• WHAT THE EXERCISE ASKS:
One part of the entries below is wanted: the lines from the one containing "水を飲む収入遷移50ml * 2人の長続きがする芳香の香水、レモンの前部ノートの香水" through the one containing "LIBYA LIBIA UNITED". Write those out exactly and nothing else.

• DATASET EXCERPTS:
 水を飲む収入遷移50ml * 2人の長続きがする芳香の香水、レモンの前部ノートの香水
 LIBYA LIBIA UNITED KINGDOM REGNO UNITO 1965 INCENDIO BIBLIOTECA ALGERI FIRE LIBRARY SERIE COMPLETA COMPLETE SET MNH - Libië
==
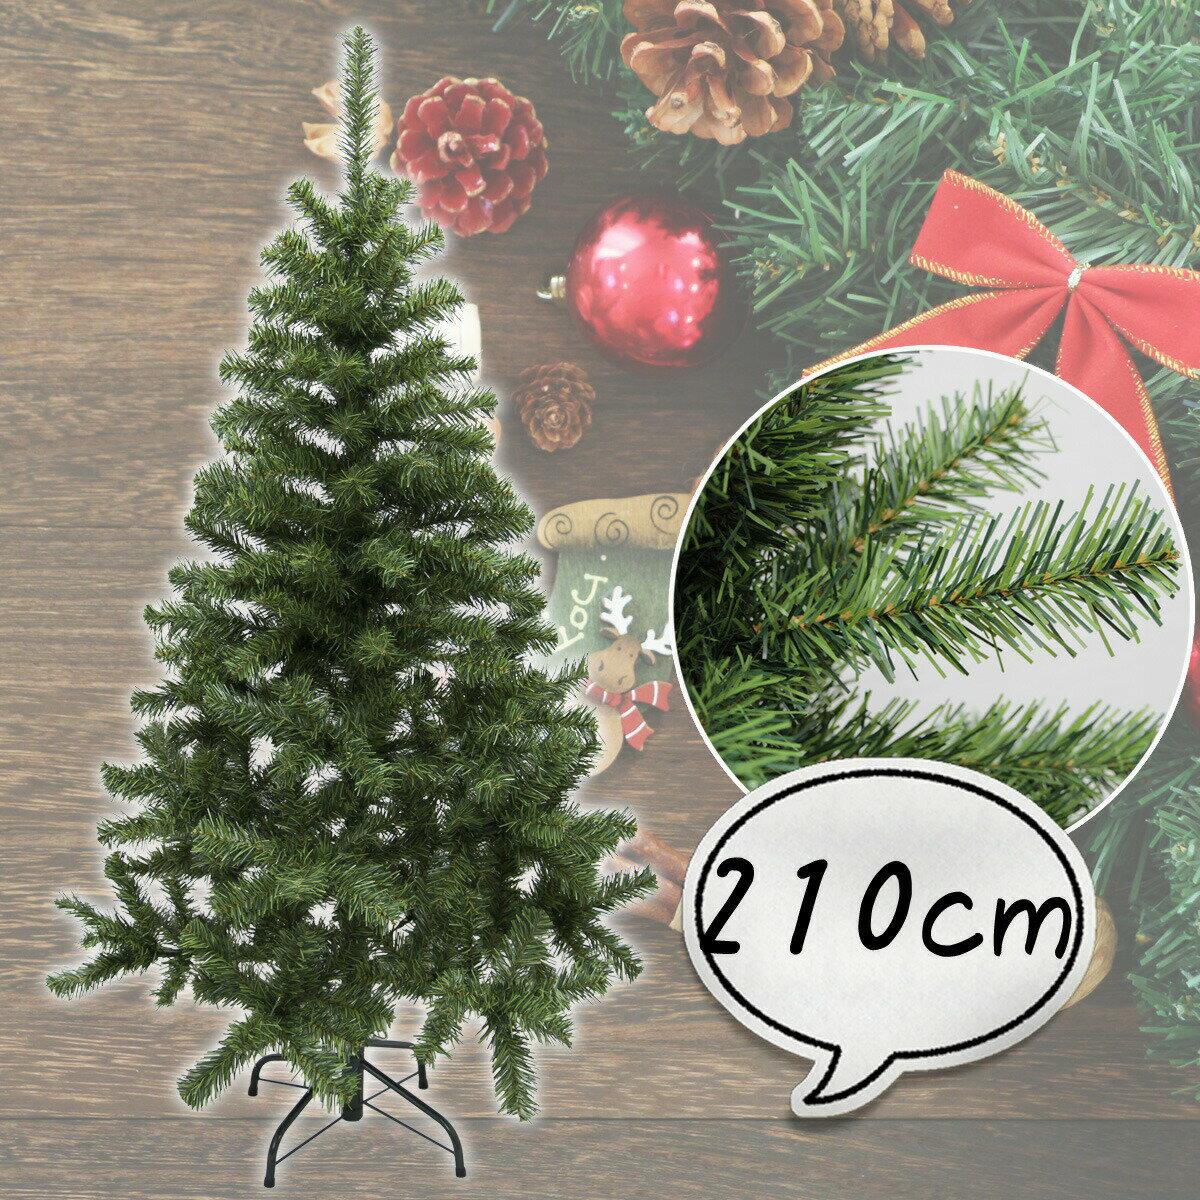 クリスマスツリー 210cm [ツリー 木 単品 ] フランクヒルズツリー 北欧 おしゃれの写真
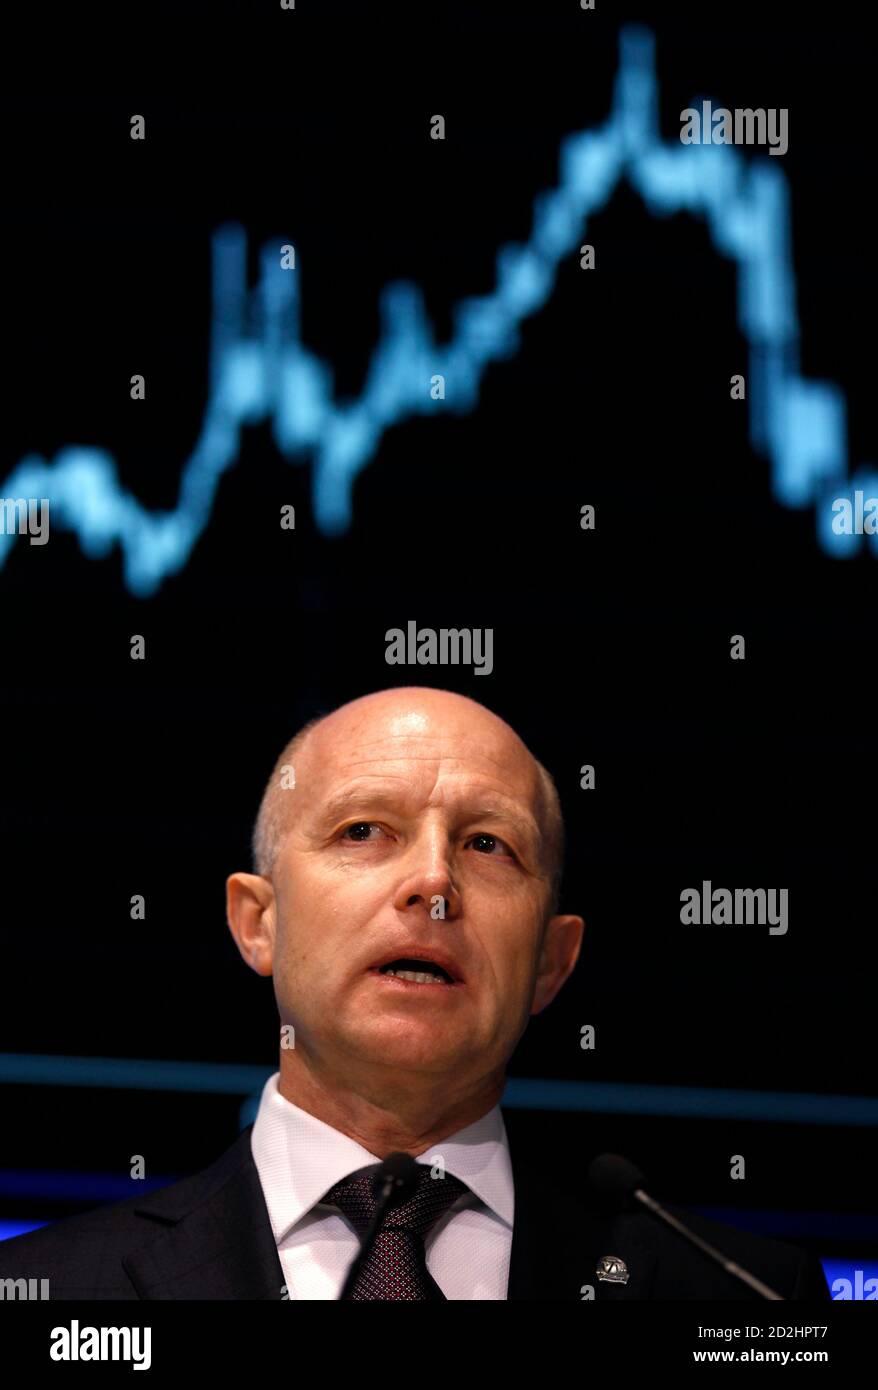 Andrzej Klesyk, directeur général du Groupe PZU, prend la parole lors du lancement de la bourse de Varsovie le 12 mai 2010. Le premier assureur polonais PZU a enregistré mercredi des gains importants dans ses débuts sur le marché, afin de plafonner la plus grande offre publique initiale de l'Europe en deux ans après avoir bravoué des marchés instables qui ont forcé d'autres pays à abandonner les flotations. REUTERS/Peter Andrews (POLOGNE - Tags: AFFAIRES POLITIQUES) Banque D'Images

• ANSWER SPACE:
 水を飲む収入遷移50ml * 2人の長続きがする芳香の香水、レモンの前部ノートの香水
 LIBYA LIBIA UNITED KINGDOM REGNO UNITO 1965 INCENDIO BIBLIOTECA ALGERI FIRE LIBRARY SERIE COMPLETA COMPLETE SET MNH - Libië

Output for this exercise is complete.